▶ _Supplied material_:
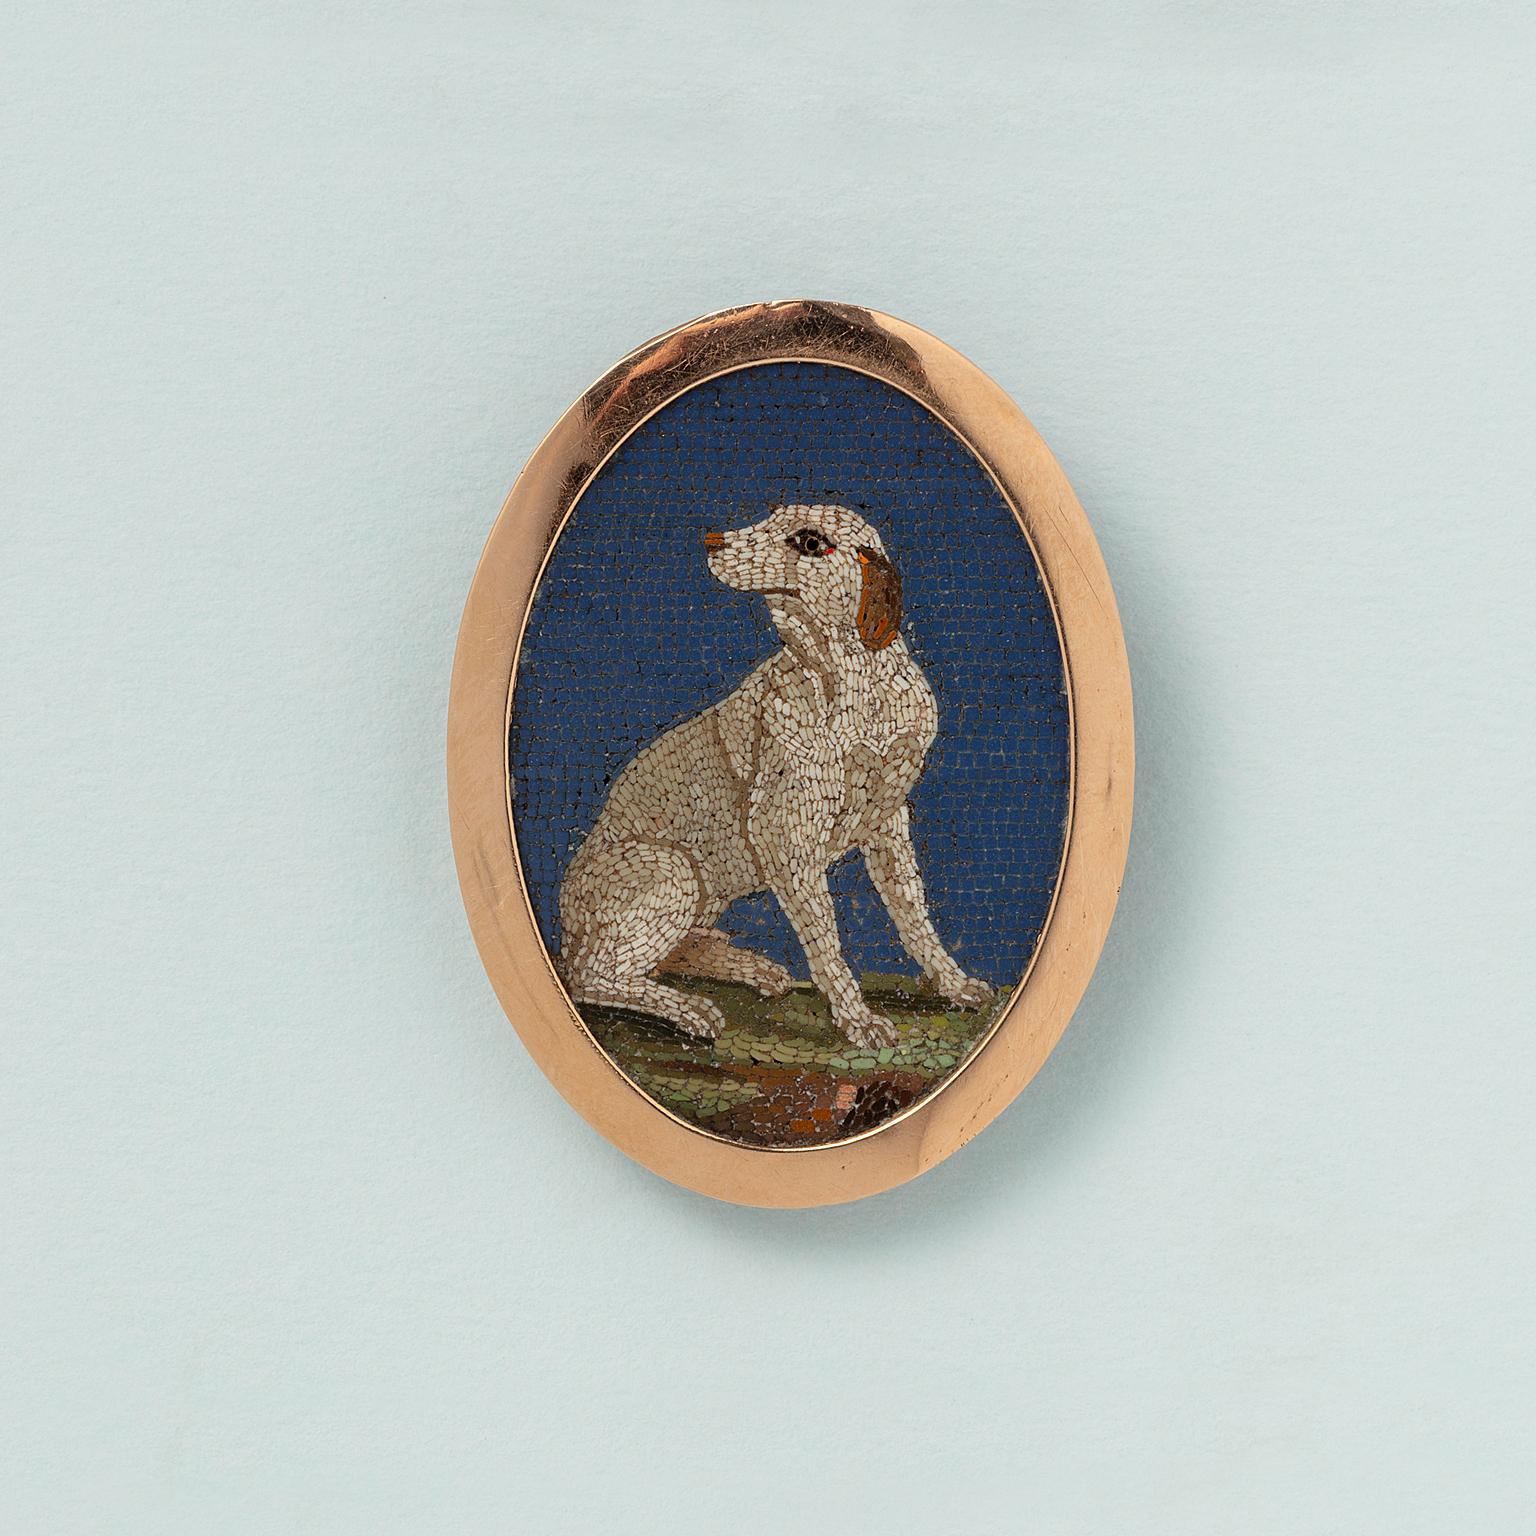 An oval micro mosaic of a dog with a blue background in an 18 carat gold border, with a silver setting which can be either a brooch or a stand, Rome, circa 1800.

weight: 9.4 gram
dimensions with border: 4.5 x 3 cm
dimensions micro mosaic: 4 x 2.7 cm

▶ _Task requirements_: Once you have found every line in the listing that holds the string "dimensions", copy each of them.

▶ _Output for this task_:
dimensions with border: 4.5 x 3 cm
dimensions micro mosaic: 4 x 2.7 cm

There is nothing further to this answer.